Nesta segunda-feira, a Procuradoria da República em Mato Grosso do Sul publicou a portaria que instaura procedimento administrativo para acompanhar o processo de certificação internacional Alliance for Water Stewardship (AWS) da planta de Campo Grande da empresa Coca-Cola Femsa Brasil, que está em andamento.

De acordo com a publicação assinada pelo procurador Luiz Eduardo Camargo Outeiro Hernandes, a ofensiva do órgão ocorre “em razão da notícia de suposta apropriação indevida da imagem e da identidade cultural de povos indígenas das etnias kinikinau e terena”.

Na argumentação, o procurador cita que foram encaminhados ofícios à Coca-Cola e à Coordenação Regional da Fundação Nacional dos Povos Indígenas (Funai), em Campo Grande, para que fossem repassadas mais informações sobre o caso.

Em resposta, a Spal Indústria Brasileira de Bebidas S.A., a razão social da Coca-Cola Femsa, afirmou que segue um padrão de certificação da AWS e que “o engajamento e o diálogo contínuo com diversas partes interessadas” fazem parte das ações para conquistar a aliança.

“Foram também convidados a participar de uma dessas reuniões dois líderes das comunidades indígenas kinikinau e terena, a fim de que fossem informados a respeito das atividades da empresa, seus impactos, seu plano de uso sustentável da água e os critérios de certificação AWS”, afirmou a empresa ao MPF.

Ainda, foi determinado que seja encaminhado um novo ofício à empresa para que, dentro de 10 dias, manifeste-se sobre a atual situação da certificação e confirme se houve um novo encontro com os líderes e membros das comunidades indígenas citadas, além da reunião em agosto do ano passado.

Por fim, o procurador determina que a tramitação do instrumento deve durar por um ano. 

O Correio do Estado entrou em contato com a Coca-Cola Femsa Brasil para obter mais informações acerca do andamento do processo de certificação internacional e se há posicionamento da empresa diante da instauração do procedimento administrativo e da acusação de apropriação cultural, porém, até o fechamento desta edição, não houve retorno.

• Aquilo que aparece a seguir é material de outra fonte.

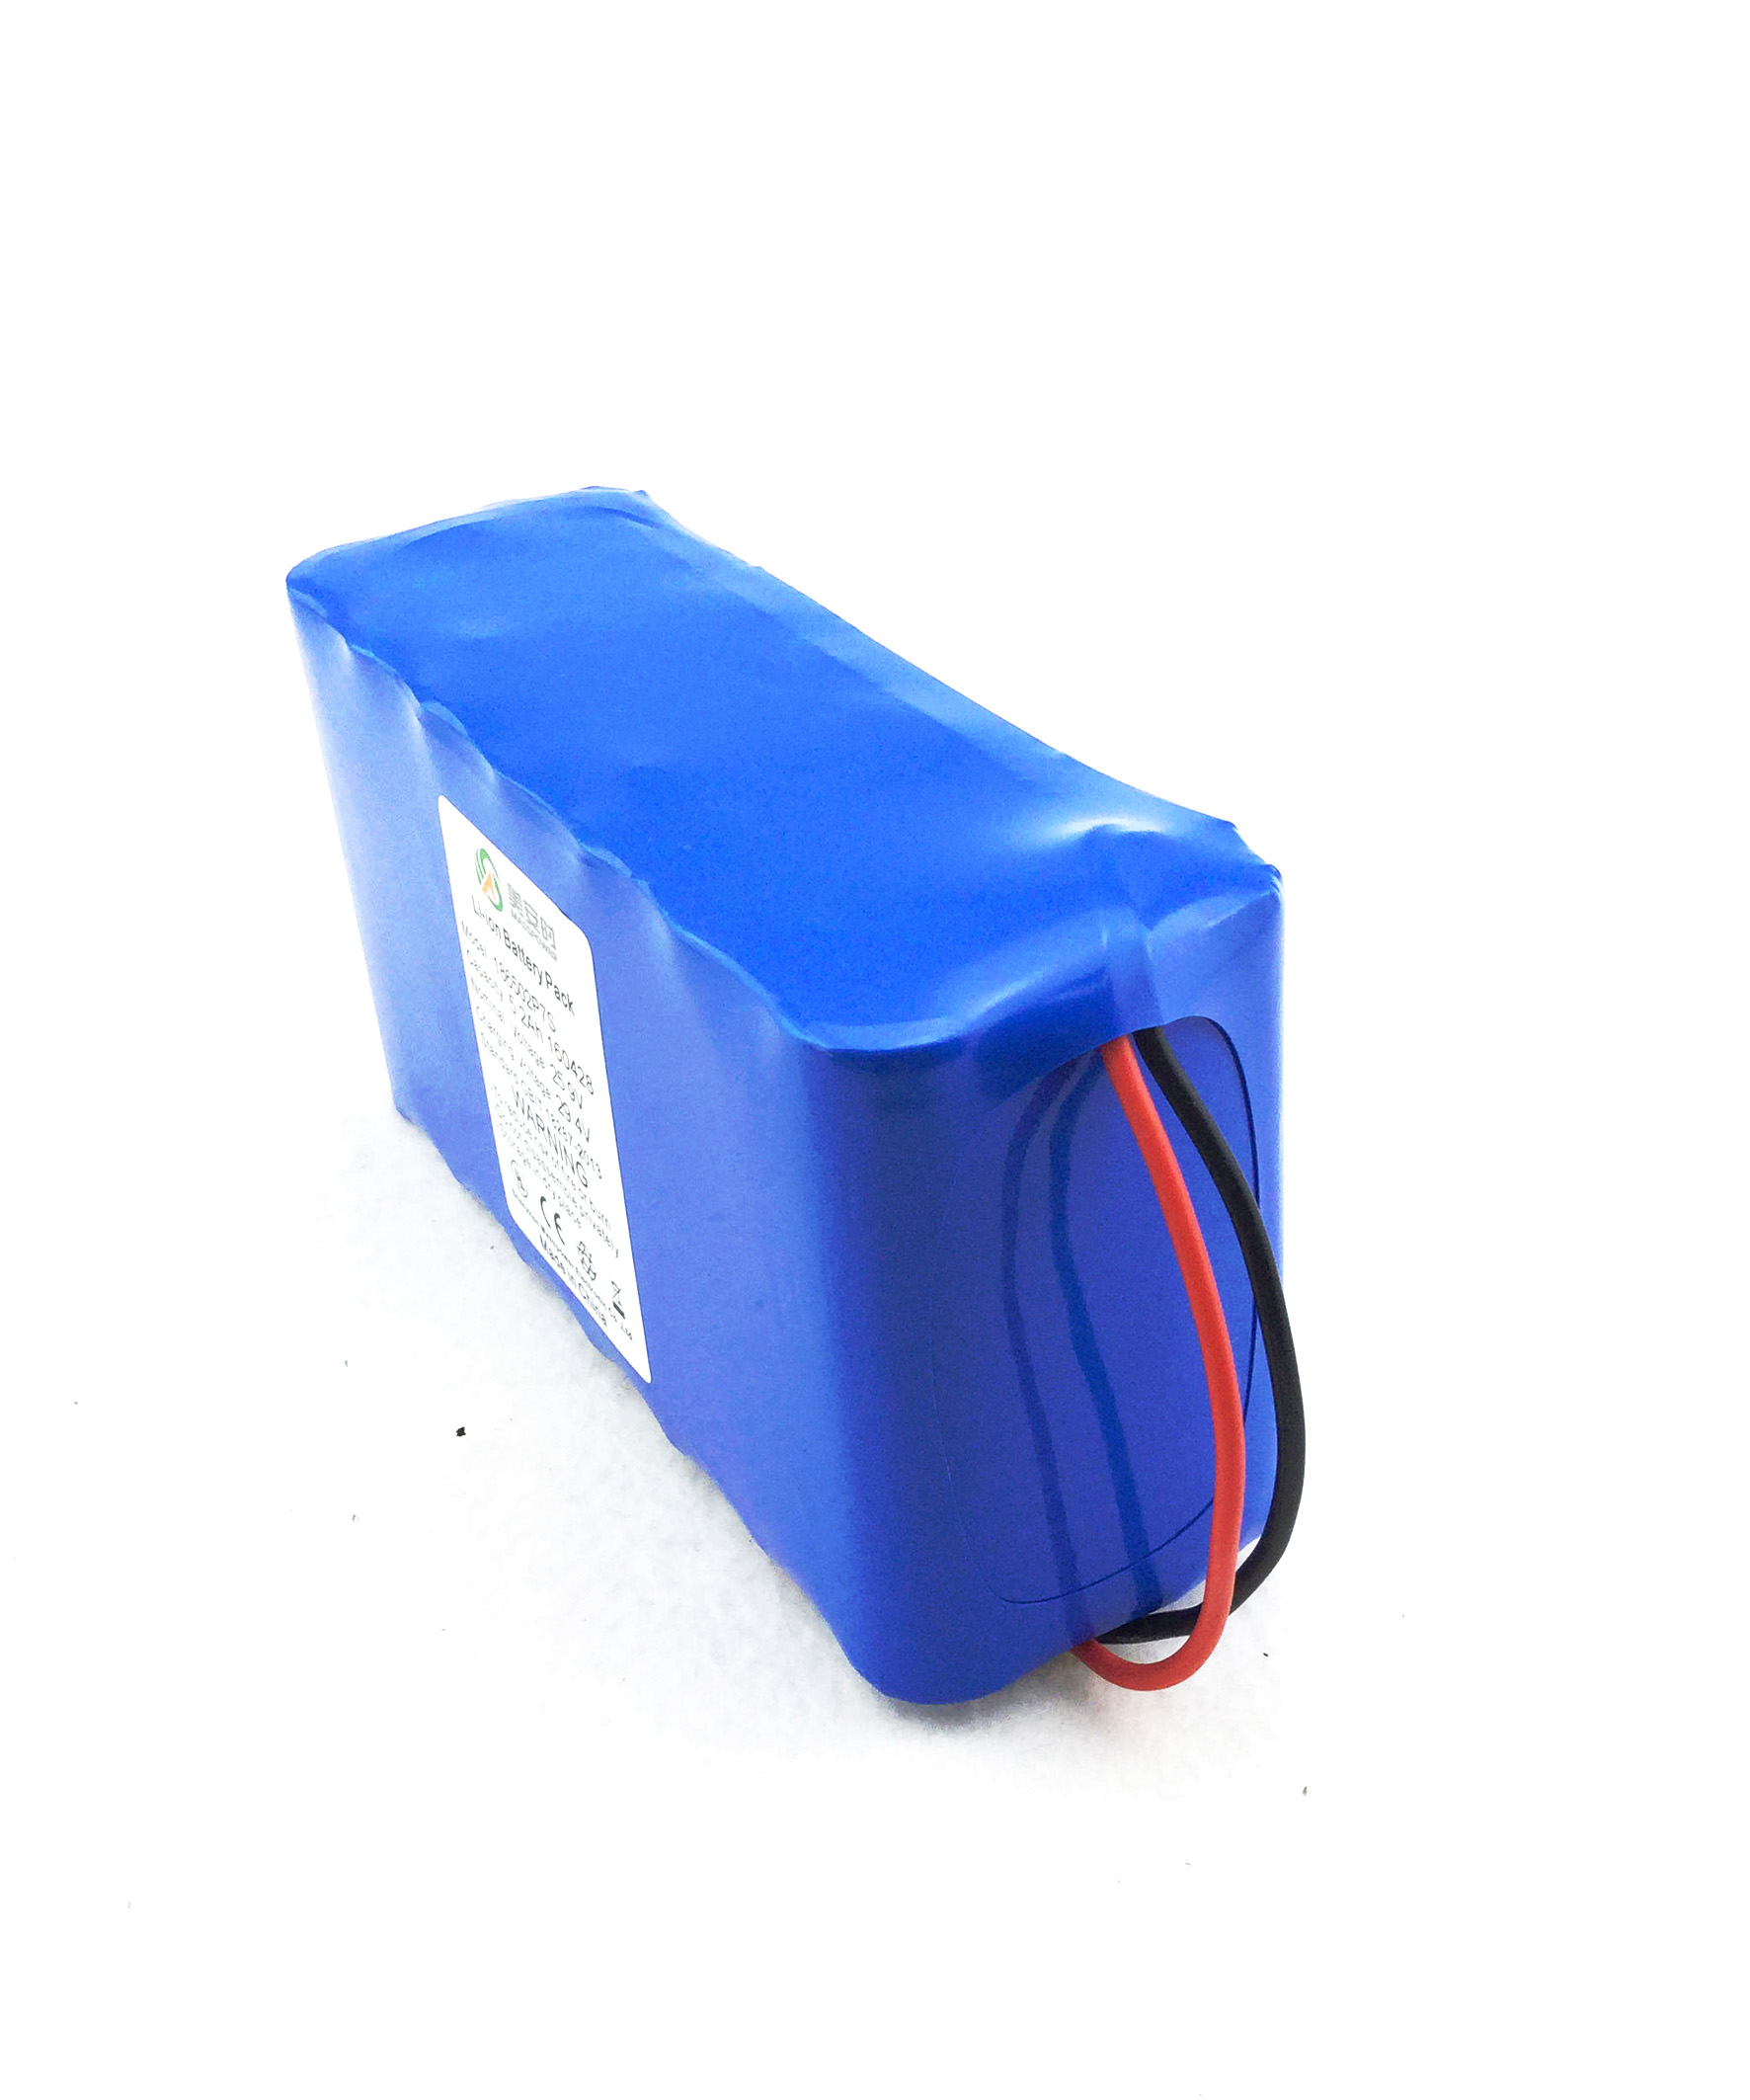 25.9V 5.2Ah丨家用呼吸机锂电池

Vale destacar que a Constituição e o Código Penal Brasileiro afirmam que a apropriação indevida de imagem pode ser caracterizada como crime em casos mais graves. Contudo, a apropriação cultural não é tipificada como crime em nenhum dos dois instrumentos que regem as leis e normas do País.

AWS

Conforme consta no portal oficial da certificação, a AWS é uma aliança global com múltiplos membros e um padrão internacional para o uso responsável da água, com o objetivo de promover e estimular ações em prol da gestão responsável da água. Hoje, fazem parte da AWS mais de 200 membros dos setores empresarial e público e da sociedade civil.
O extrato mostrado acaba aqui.